* INPUT:
- Opening Delimiter -
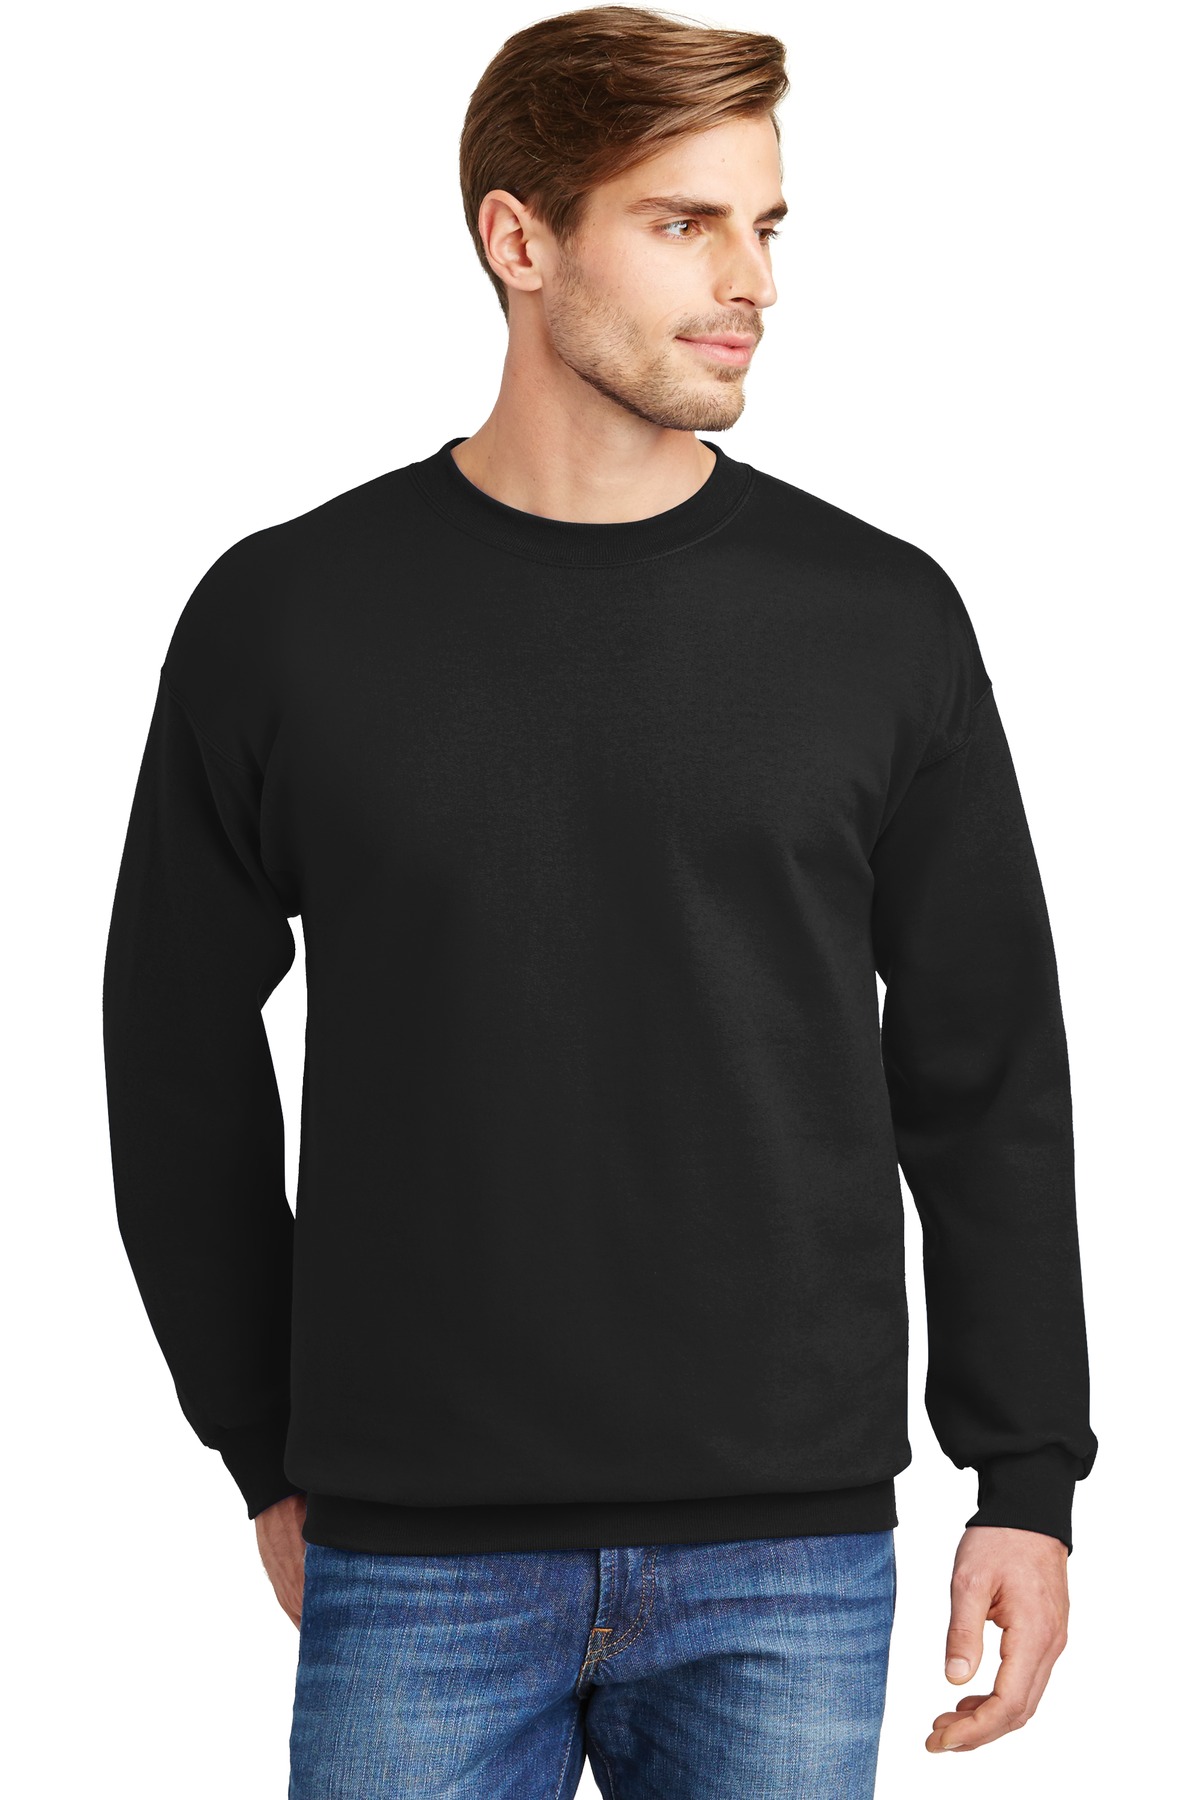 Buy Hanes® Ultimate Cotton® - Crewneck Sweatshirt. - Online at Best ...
- Closing Delimiter -
- Opening Delimiter -
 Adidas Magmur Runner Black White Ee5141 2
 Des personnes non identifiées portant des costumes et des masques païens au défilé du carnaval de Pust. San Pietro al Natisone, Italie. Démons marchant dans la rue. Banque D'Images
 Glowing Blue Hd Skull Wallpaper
- Closing Delimiter -
- Opening Delimiter -
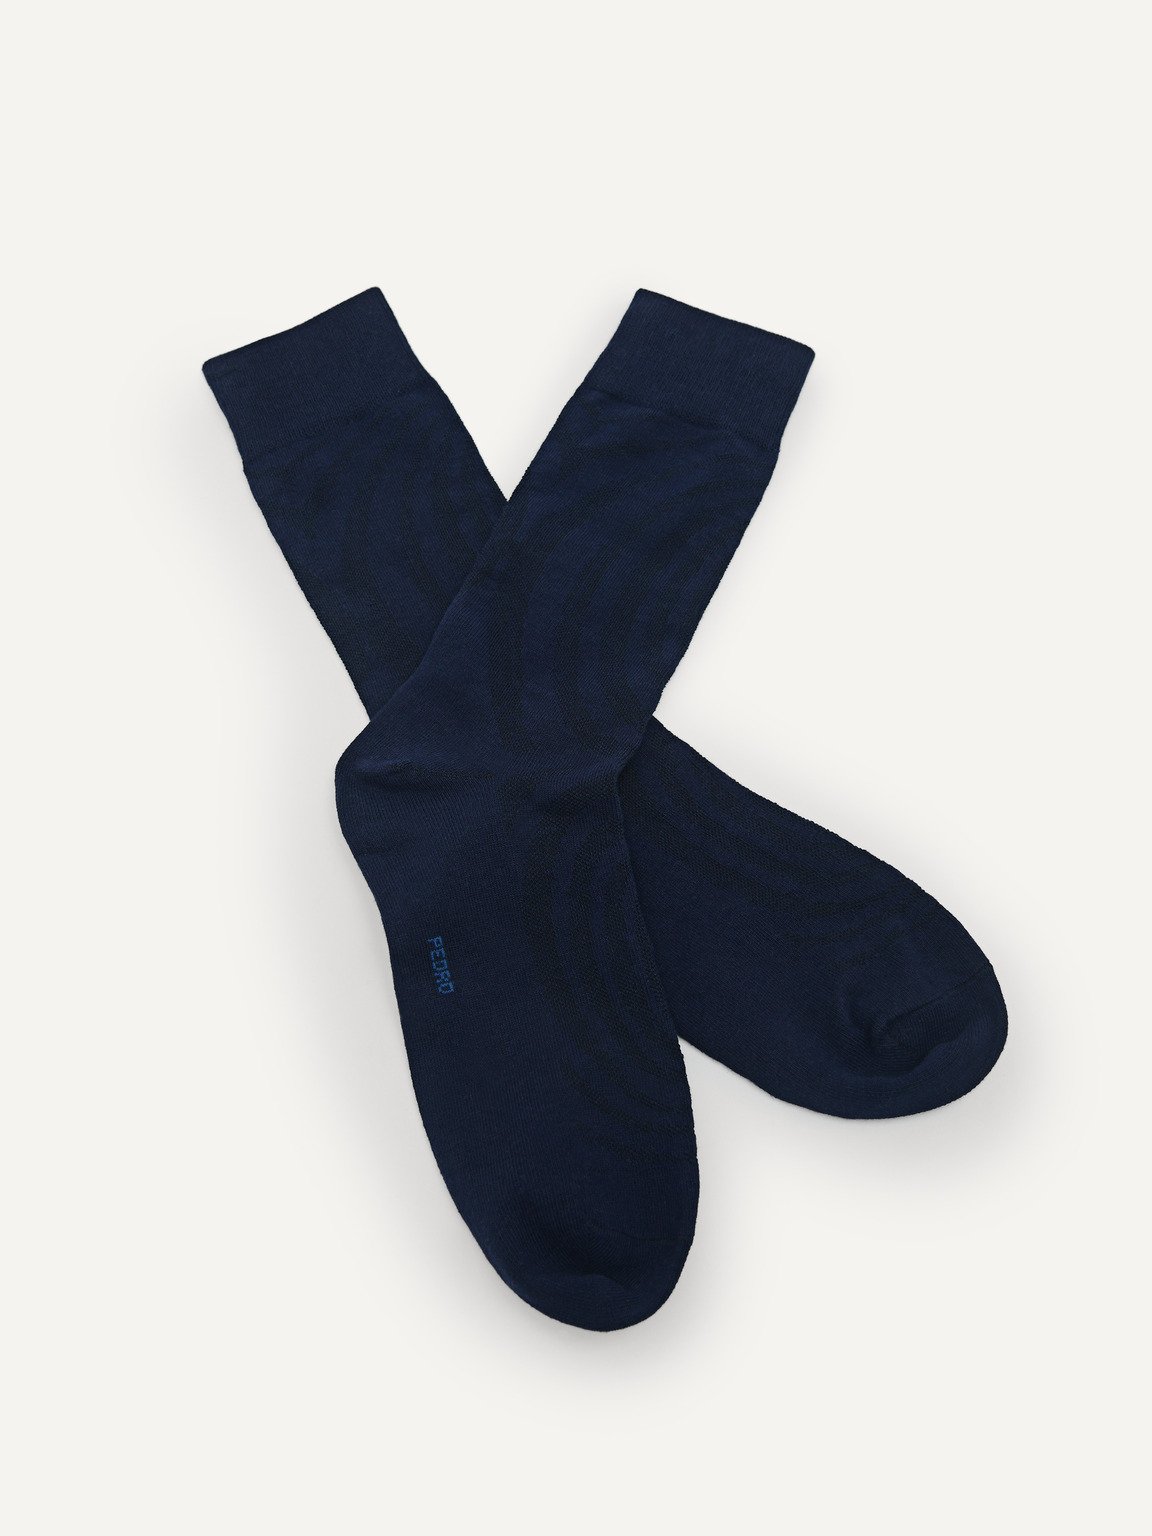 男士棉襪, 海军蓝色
- Closing Delimiter -
* TASK INSTRUCTIONS:
For this task, write out exactly the lines of the entries above, starting at the line with "Des personnes non" and ending at the line with "Glowing Blue Hd Skull Wallpaper", both included, and no others.

* RESPONSE TO THIS EXERCISE:
 Des personnes non identifiées portant des costumes et des masques païens au défilé du carnaval de Pust. San Pietro al Natisone, Italie. Démons marchant dans la rue. Banque D'Images
 Glowing Blue Hd Skull Wallpaper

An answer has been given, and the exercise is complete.